Podpisane przez powodów oświadczenia o zapoznaniu się z kwestią ryzyka kursowego oraz ryzyka zmiany stopy procentowej nie oznaczają, że bank zrealizował ze szczególną starannością, jakiej wymagało wprowadzenie do długoterminowej umowy mechanizmu waloryzacji, obowiązek informacyjny w zakresie ryzyka kursowego, a kształtując treść klauzuli waloryzacyjnej zachował się w sposób lojalny wobec kredytobiorcy uwzględniając jego uzasadnione interesy. Nie stanowi wypełnienia obowiązku informacyjnego przedstawienie analizy historycznego kursu franka szwajcarskiego ani tym bardziej powoływanie się przez bank na złożenie pisemnego oświadczenia o świadomości ryzyka walutowego o standardowej treści (por. wyrok SN z 3 lutego 2022 r. II CSKP 975/22, wyrok z dnia 22 grudnia 2020 r., Sądu Apelacyjnego w Warszawie w sprawie o sygn. I ACa 766/19).

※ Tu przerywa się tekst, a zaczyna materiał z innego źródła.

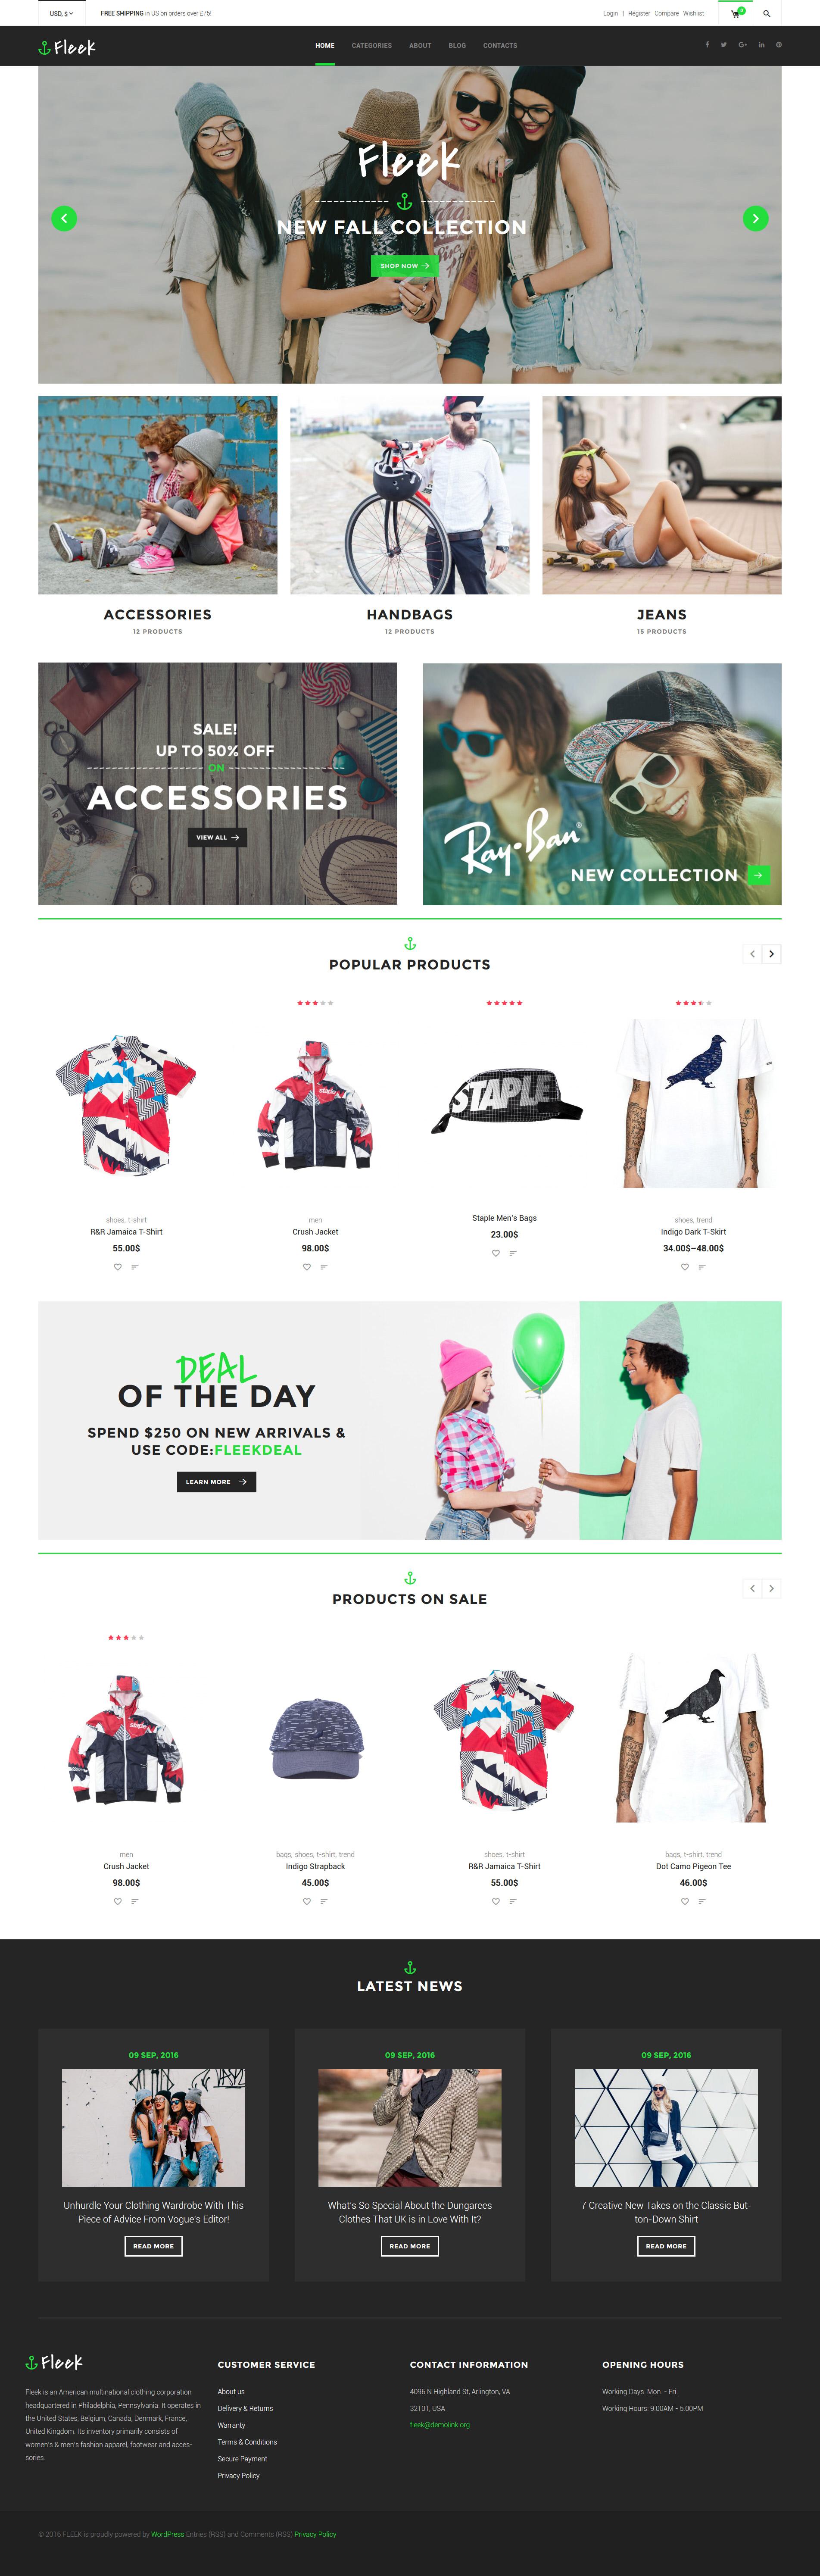 """Fleek - Urban Fashion Store"" thème WooCommerce adaptatif #60095 - screenshot"
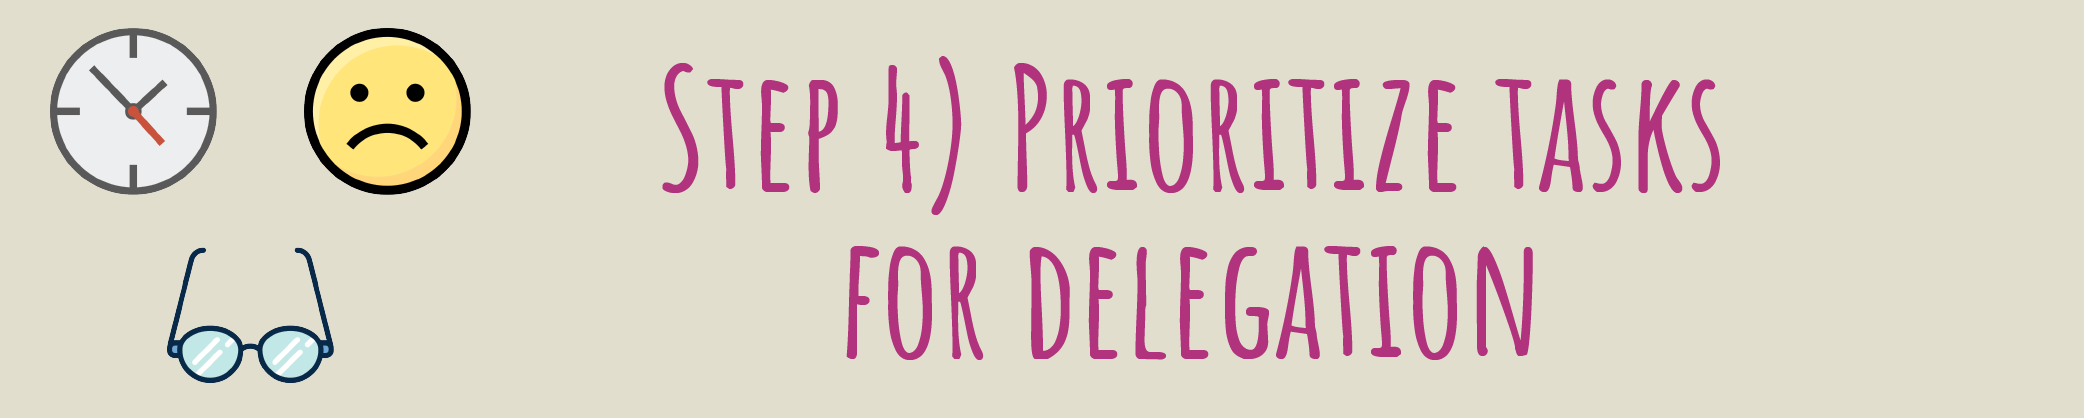 Step-4-Prioritize-Tasks.png

Podobnie orzekł TSUE w najnowszym wyroku z 10 czerwca 2021 r. wydanym w sprawach połączonych C-776-C-782/19, gdzie „podkreślił wymóg przejrzystości poinformowania konsumenta przed zawarciem umowy o warunkach i umownych i skutkach zawarcia umowy, tak aby warunek umowny był zrozumiały dla konsumenta nie tylko pod względem formalnym i gramatycznym, ale także wyjaśnił mu konkretne działania metody obliczania kursów, przedstawienia mu kontekstu gospodarczego mogącego wpłynąć na zmiany kursów walut tak, aby konsument miał możliwości konkretnego zrozumienia potencjalnie poważnych konsekwencji dla jego sytuacji finansowej, które mogą wyniknąć z zaciągnięcia kredytu denominowanego do waluty obcej ”.

Podobnie wpostanowieniu TSUE z dnia 6 grudnia 2021 r., w sprawie węgierskiej o sygn. C-670/20 w tezie nr 34 Trybunał stwierdził, że: „W świetle powyższych rozważań na zadane pytania trzeba odpowiedzieć, iż wykładni art. 4 ust. 2 dyrektywy 93/13 należy dokonywać w ten sposób, że wymóg przejrzystości warunków umowy kredytu denominowanego w walucie obcej, które narażają kredytobiorcę na ryzyko kursowe, jest spełniony wyłącznie w sytuacji, gdy przedsiębiorca dostarczył temu kredytobiorcy dokładne i wystarczające informacje odnośnie do ryzyka kursowego pozwalające właściwie poinformowanemu oraz dostatecznie uważnemu i rozsądnemu przeciętnemu konsumentowi na dokonanie oceny ryzyka potencjalnie znaczących skutków gospodarczych takich warunków umownych dla jego zobowiązań finansowych w trakcie całego okresu obowiązywania tej umowy. W tym względzie okoliczność, że konsument oświadcza, iż jest w pełni świadomy potencjalnych ryzyk wynikających z zawarcia wspomnianej umowy, nie ma sama w sobie znaczenia dla oceny, czy przedsiębiorca spełnił wspomniany wymóg przejrzystości.”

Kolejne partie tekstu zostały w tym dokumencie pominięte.